The Victorian Parliament Legislative Council Legal and Social Issues Committee is currently conducting hearings into the proposed Spent Convictions legislation. A hearing was conducted at The Connection, Midland Highway, on Monday 15 July 2019. The Shepparton Interfaith Network participated in one such hearing.
The current policy leaves young and indigenous Victorians particularly susceptible to discrimination. These groups are disproportionately represented in the criminal justice system, often for minor offences such as possession of cannabis, minor shop stealing, or using a concession Myki card without possessing a concession card – which is considered to be fraud.
There are other barriers put up before those with a criminal history. Obtaining housing is a critical issue, and prisoners finishing their sentences often end up homeless. If passed, this law will help prevent discrimination and remove obstacles which prevent some former offenders from seeking rehabilitation, gaining employment and participating in their communities. There are many examples of former drug addicts who have cleaned themselves up, completed various Certificate IV courses and passed, yet, are unable to contribute to the community because of their past criminal history. It is to be kept in mind that if the court finds a person guilty, issues a fine and orders that a conviction not be recorded, this non-conviction order will still appear in the criminal history.
Seeking a New Life in Australia
There is also the double jeopardy for those who migrate to Australia, or who are asylum seekers or on temporary protection visa/safe haven visa.

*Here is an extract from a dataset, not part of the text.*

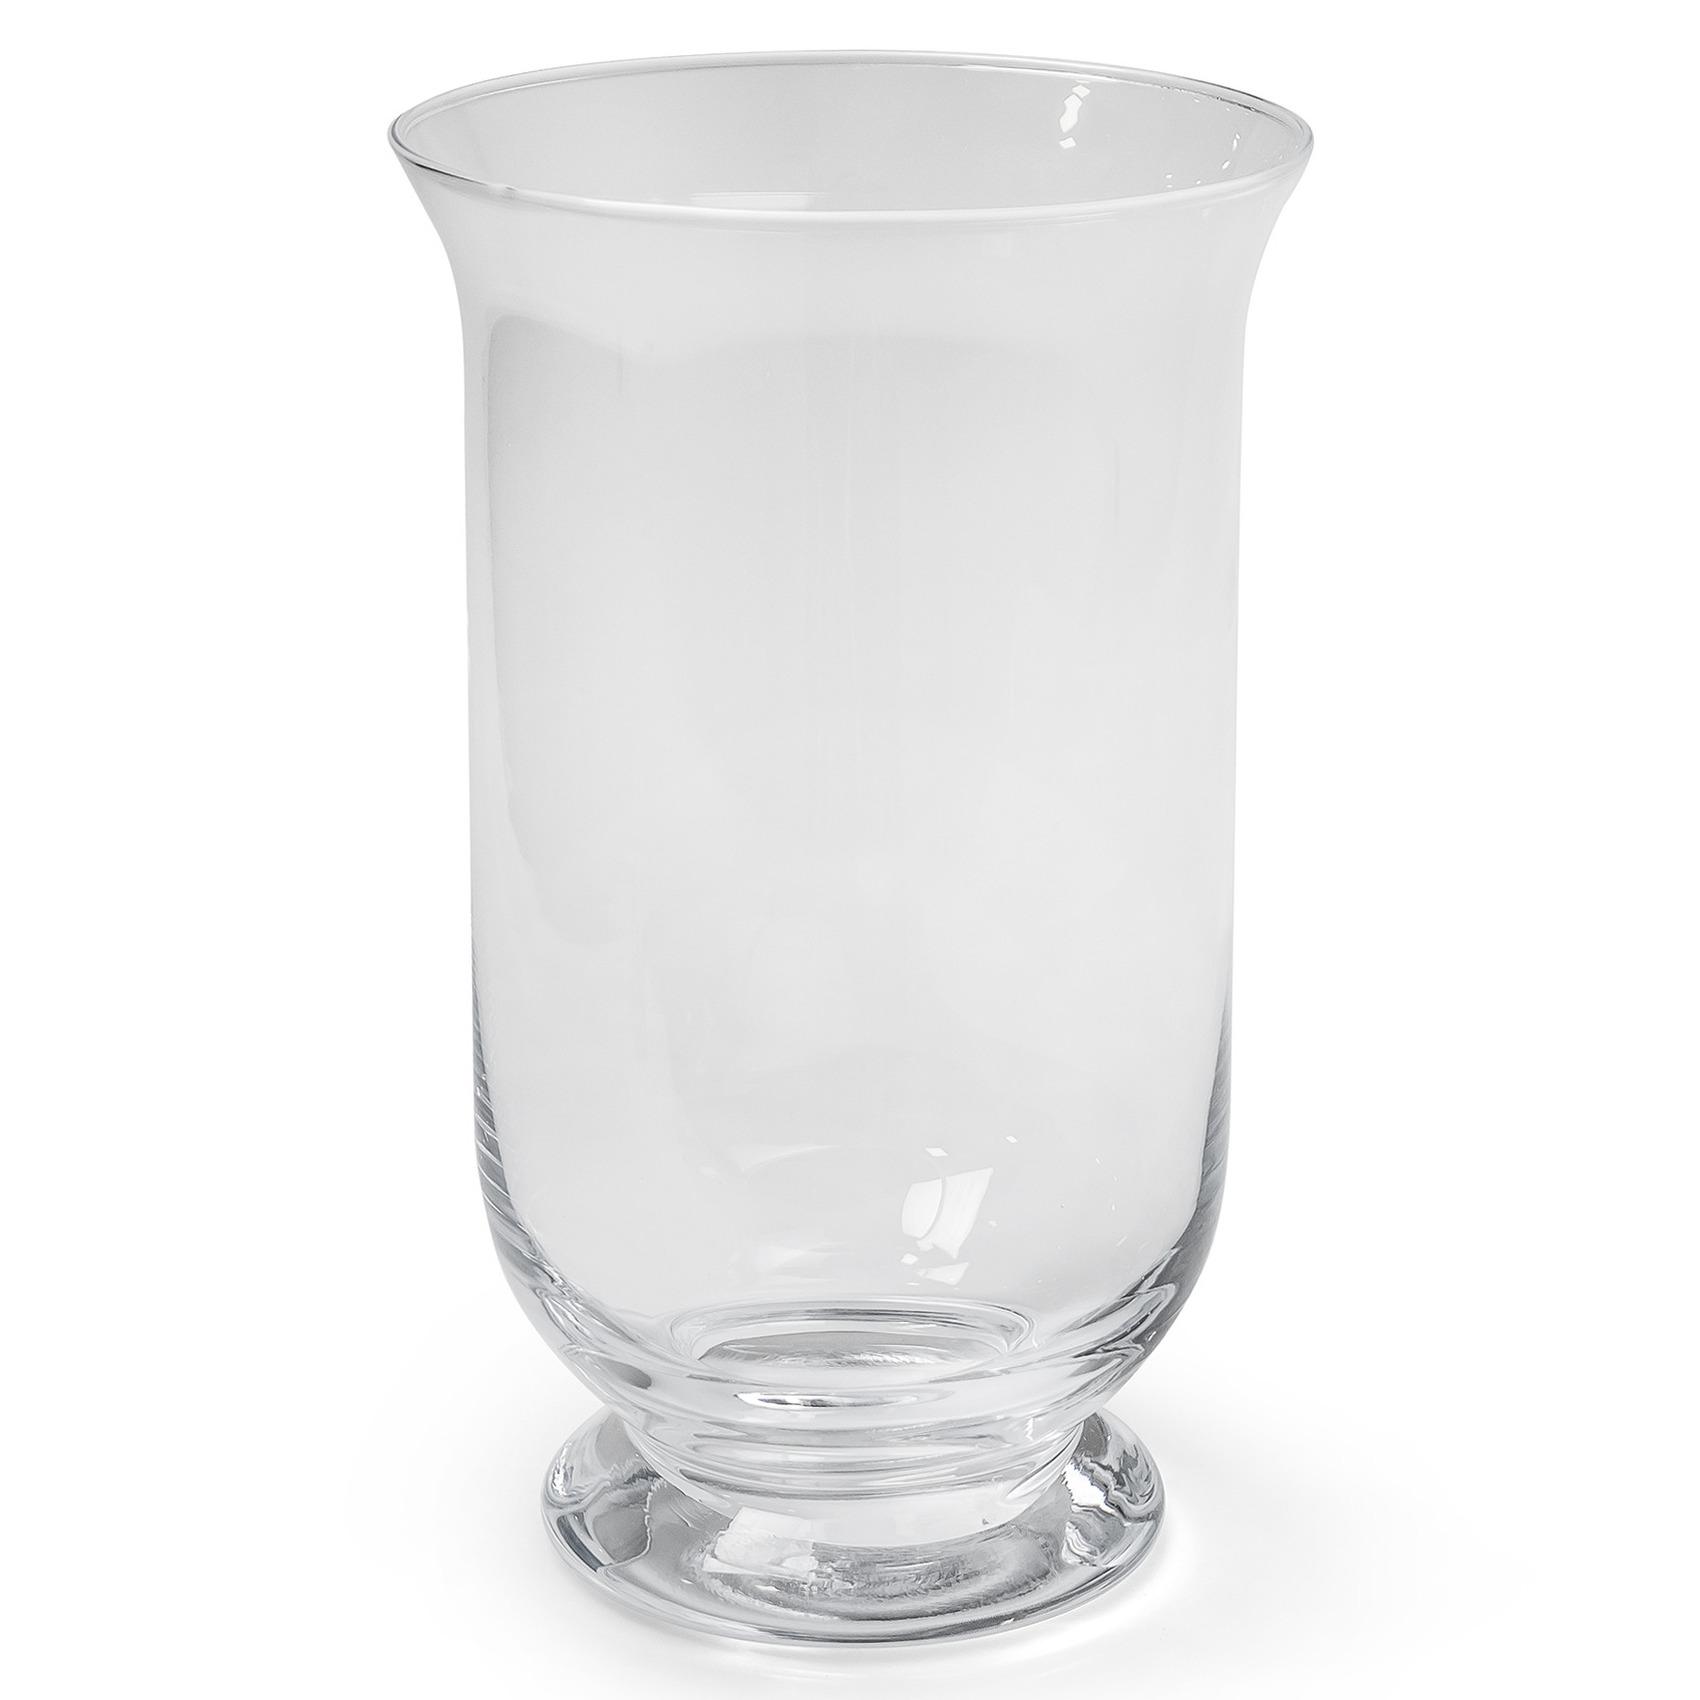 Transparante windlicht vaas-vazen van glas 15 x 25 cm

With regard to citizenship, and people on visas, the Minister for Home Affairs may cancel a visa under section 501 of the Migration Act. Citizenship has also been cancelled in similar circumstances to those outlined below:
Section 501 of the Migration Act provides that a person does not pass the character test if they fall within any of the grounds specified in subsections 501(6)(a) to (d). These grounds can be grouped into five broad categories:
- substantial criminal record
- conviction for immigration detention offences
- association with persons suspected of engaging in criminal conduct
- past and present criminal or general conduct
- significant risk of particular types of future conduct.
Those who seek to have a new life in Australia have to be of good character; Christmas Island is known to hold people where the Minister has determined they do not have good character and are to be sent back to their country of origin. Principally, this scopes to people who have criminal records. The Spent Convictions proposal may not have effect for those who migrate, seek refuge or asylum in Australia. Any offending would have to be minor and patently summary.
Protection of the Community v. Personal Self Transformation (self-management, maturity)
The justice system seeks to enact the requirement that the government of the day offer protection to the community – and through many checks and balances, provide that protection through the courts and law enforcement. Where persons are found guilty, records are kept, and disclosed in police checks requested by employers and volunteer bodies in the community, in addition to certain specified employment. Some convictions will never be spent – such as sexual offences, major crimes with long term sentences. However, what of persons who have not blotted their records for many years and have integrated themselves into the community, upholding values of society and culture? What can we do for those who have undergone rehabilitation and undertaken self-control, self-discipline, self respect, self-sacrifice?
What is being considered (in short) is to limit the effect of criminal convictions for relatively minor offences once the offender completes a period of crime-free behaviour. Once this period has passed, the conviction will be regarded as spent and should not form part of a person’s criminal history.
In Hinduism, there is a one of the goals of life, dharma, which translates to right conduct, righteousness, right behaviour, encapsulating an internal capacity or motivation to behave in a manner and fashion that upholds the values of society and culture. To give examples of this, we could borrow from Buddhism the noble eight-fold path:
So we have right speech, right view, right livelihood, right effort, right mindfulness, right intention, right concentration, right action. Many of you reading this can think of and recognise people who practice these values, these behaviours, these dimensions of righteousness, right conduct. There is a saying in Hinduism, if you uphold righteousness in life, in society and culture, in business and commerce, you will receive the protection of righteousness. It is like people you encounter who radiate such positive energy and cause you to behave like the same in their presence – simply because this energy, this value, this righteousness is within you and it is called forth.
The Spent Convictions proposal acknowledges that people can learn from experience; they can take up opportunities to transform and rehabilitiate themselves. They can engage in internal self-management such as self-control, self-discipline, self respect, self-sacrifice. The Spent Convictions proposal will affirm to society that no regard should be given to past convictions as people have demonstrated in thought, word and action through a specified crime-free period, that they have changed their character and reformed themselves, realigned their values with those who abide in the community in harmony and peace.
Given that more and more employers – and community groups – are seeking the National Police Check, and that young people entering the workforce might expect to have many different employers, the opportunity to demonstrate to potential employers (and community service organisations) that they have reformed their person and are of reliable and sound character should be available to people who have managed to complete the crime-free periods as proposed in the legislation.
These people who successfully complete this crime-free period have demonstrated the capacity to manage the mind, manage their thoughts, align values with the community and express self-discipline through their choices and their behaviour. So expressing the right conduct as illustrated in the Buddhist noble eight-fold path above.
Such people should be given the chance they have earned with their personal self-transformation.